Equipping police with body cameras was supposed to help the public hold law enforcers accountable but like any solution the State agrees to, body cameras turned out to be yet another weapon in the State’s arsenal to expropriate wealth from its subjects. State governments are placing body camera footage under lock and key so it can’t be used by the public:
North Carolina, for example, passed legislation last year excluding body camera video from the public record, so footage is not available through North Carolina’s Public Records Act. That means civilians have no right to view police recordings in the Tar Heel state unless their voice or image was captured in the video.
Louisiana also exempts body camera video from public records laws.
South Carolina will only release body camera footage to criminal defendants and the subjects of recordings.
Kansas classifies body camera video as “criminal investigation documents” available only when investigations are closed. The Topeka Police Department may have wanted positive public relations with the release of its pond rescue video, but if a news outlet had requested that video through Kansas’ Open Records Act, that request would’ve likely been denied.

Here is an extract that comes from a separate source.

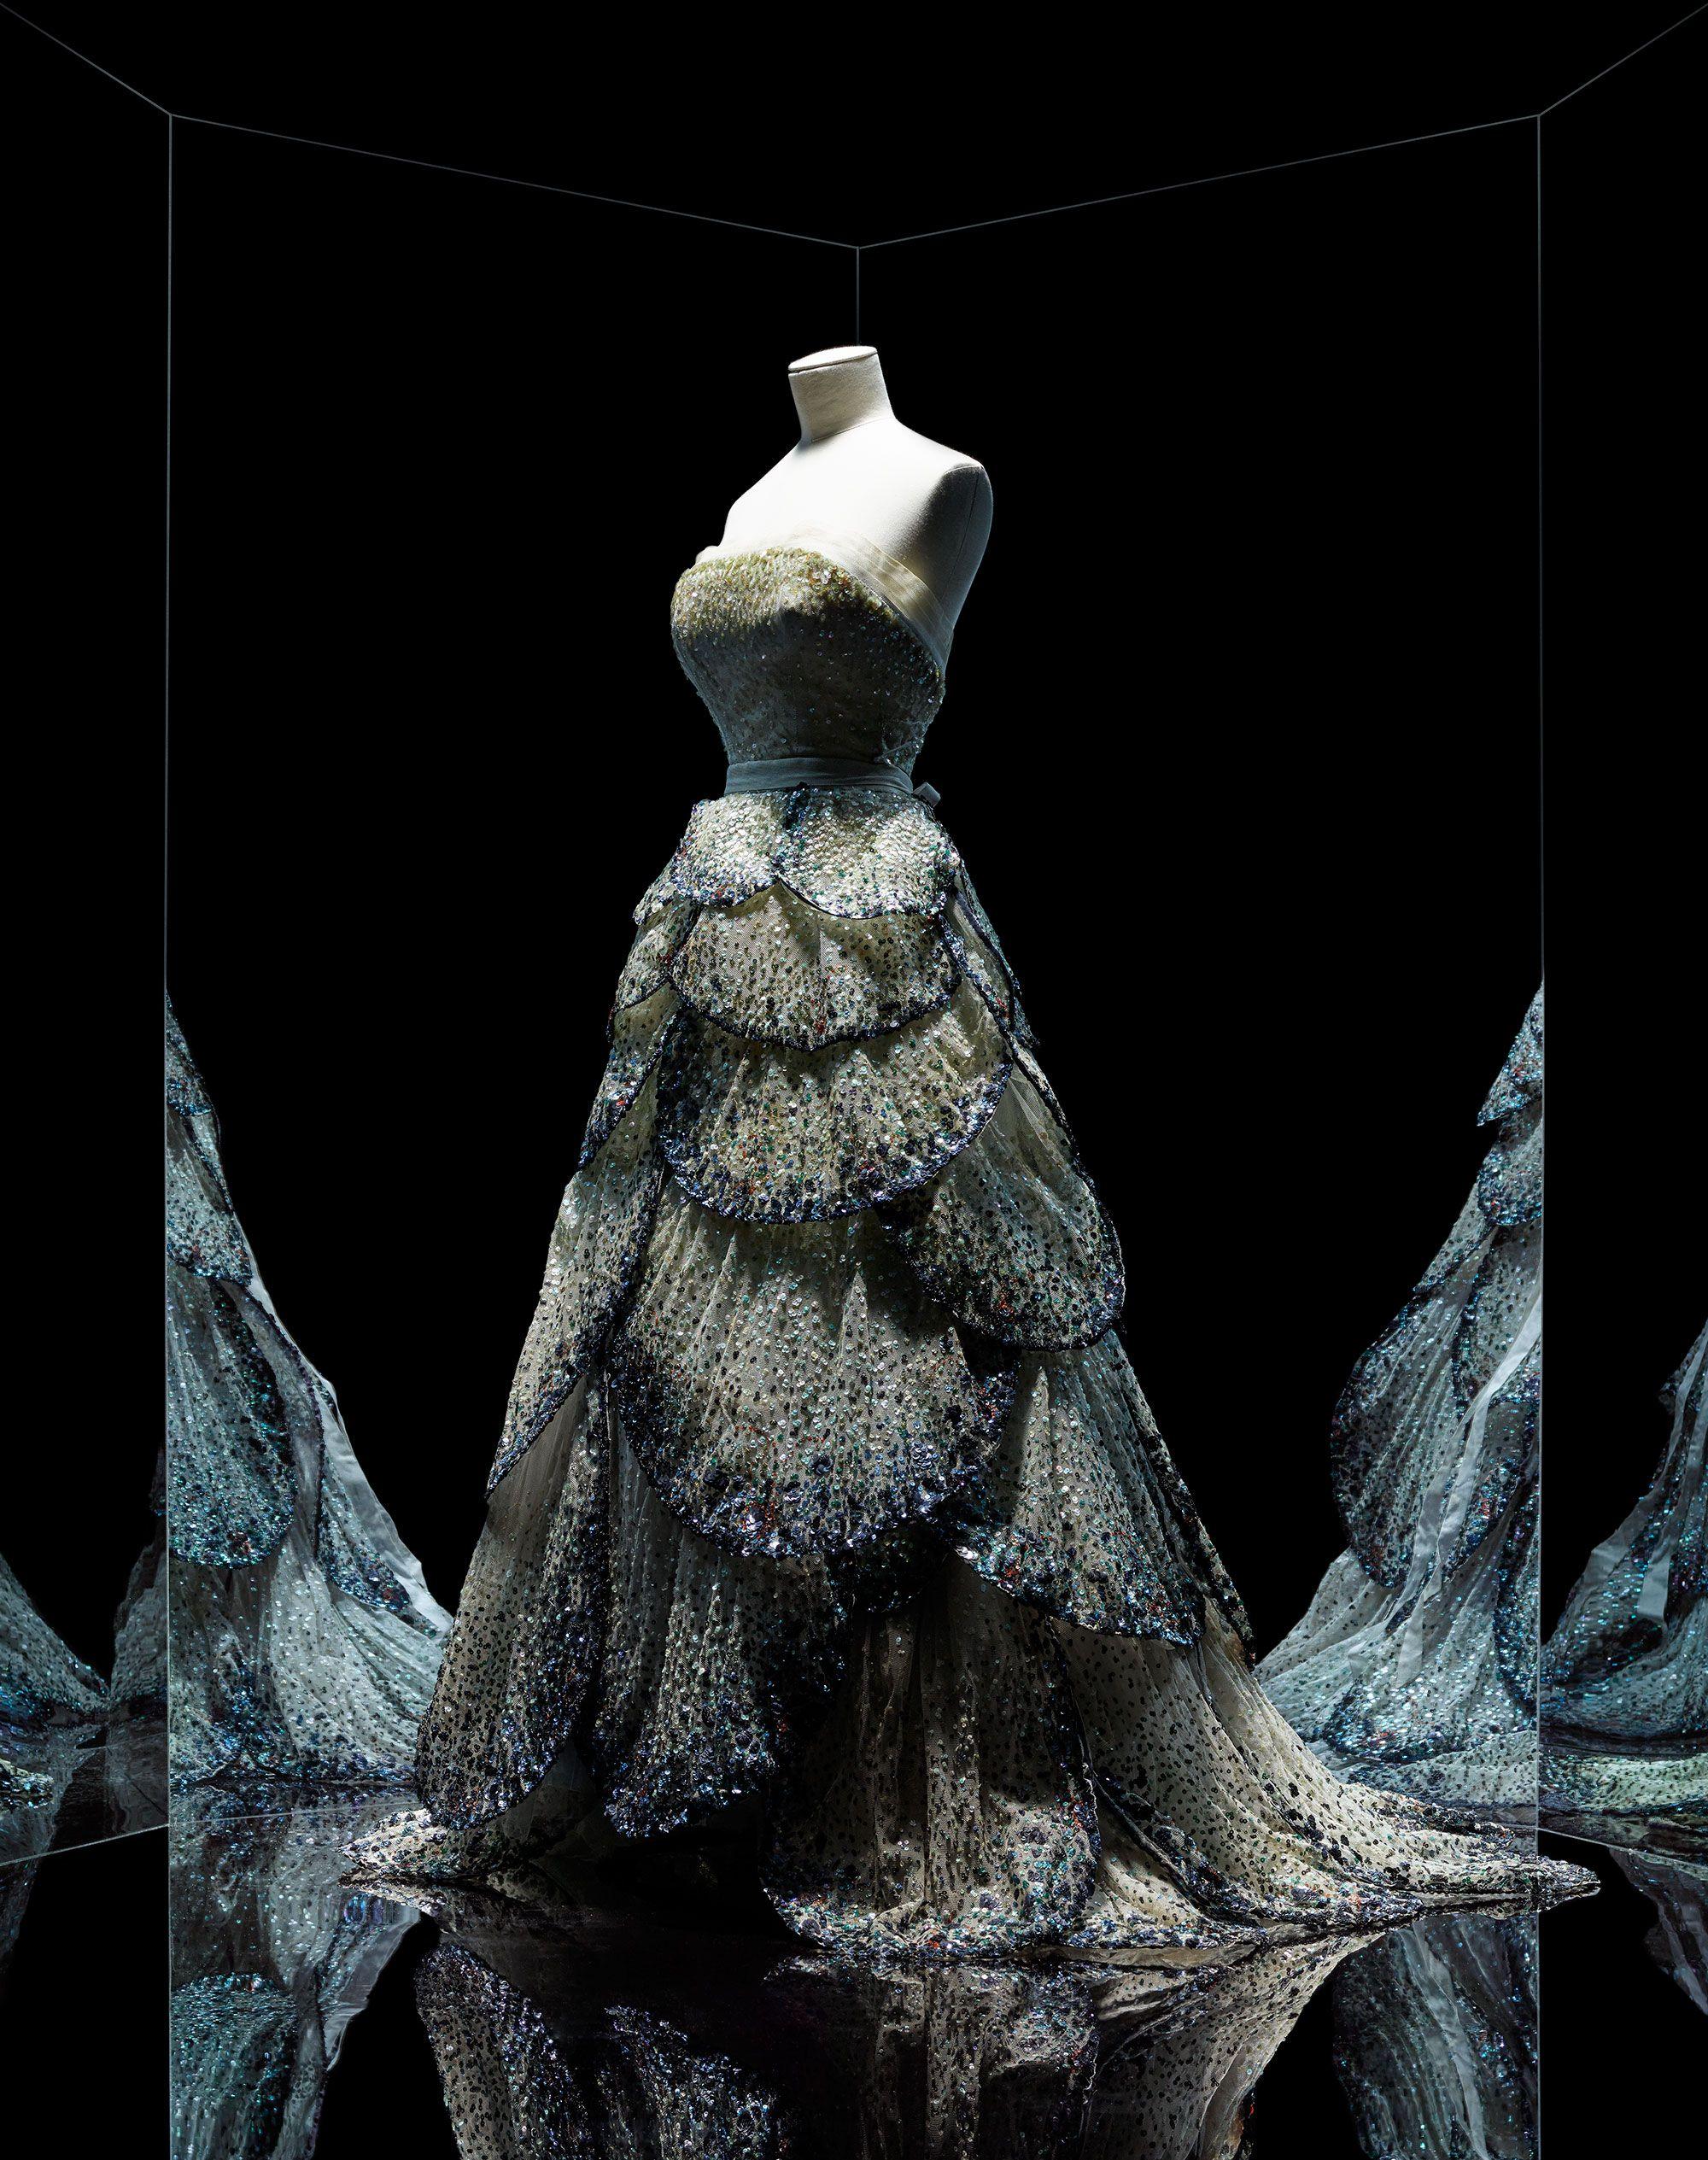 Christian Dior, Junon gown, Haute Couture, Fall-Winter 1949, Milieu du siècle line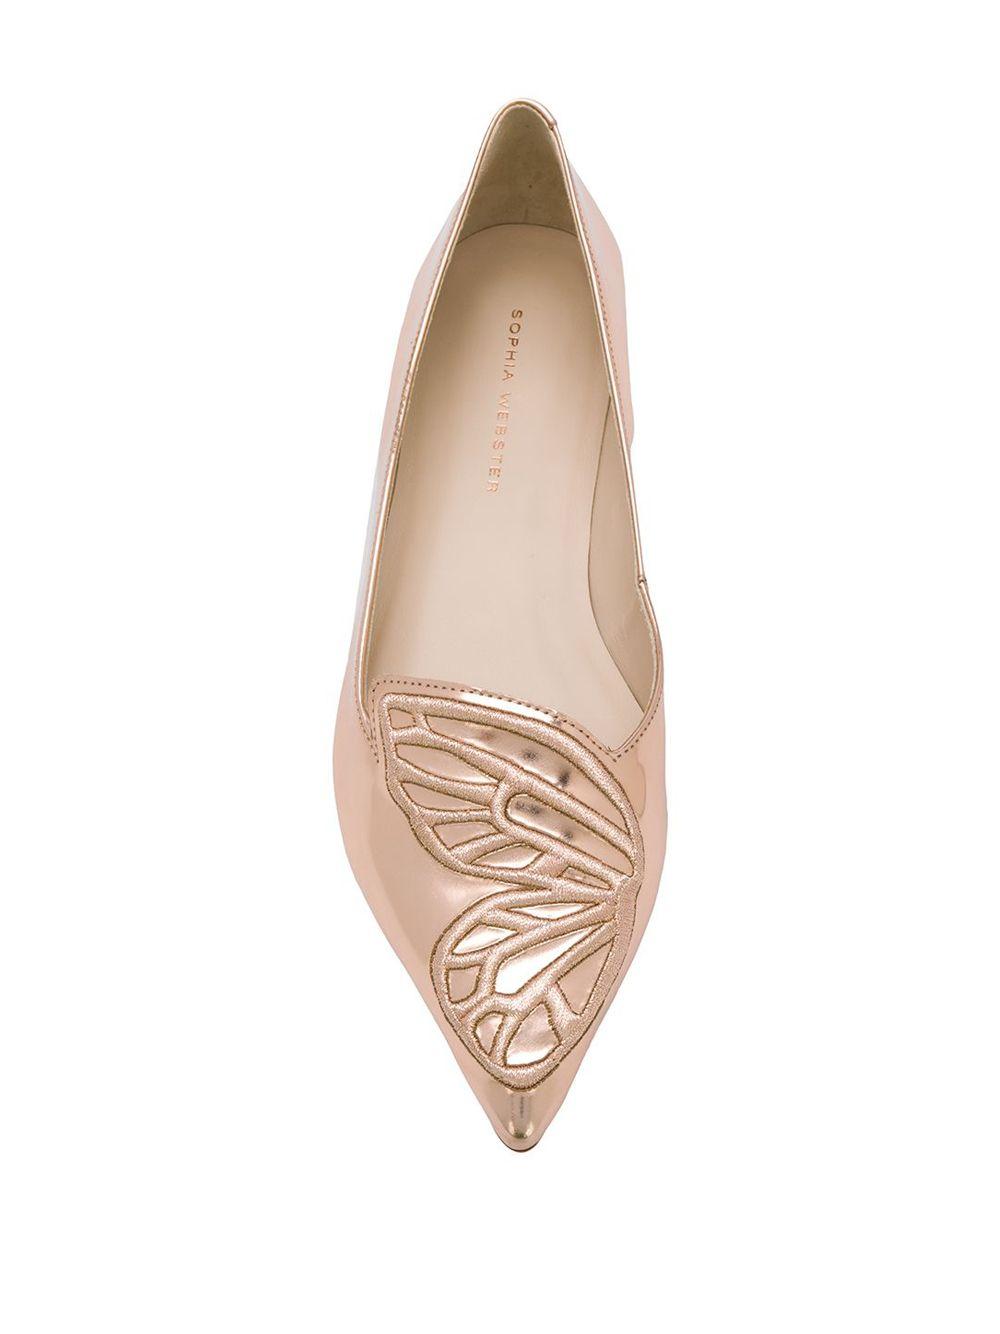 SOPHIA WEBSTER   балетки 'Bibi' с декором в виде бабочки   Clouty

I stated pretty early on in the body camera debate that the footage would be useless, at least as far as holding the police accountable goes, unless the video was streamed directly to a third-party server that wasn’t under the control of any government entity. However, most body cameras upload their data to services, such as Axon’s evidence.com, that are controlled by parties with a vested interest in pleasing police departments. Combine that setup with the state laws that put the footage outside of the public’s reach and you have another tool that was sold as being good for the people that was actually very bad for them.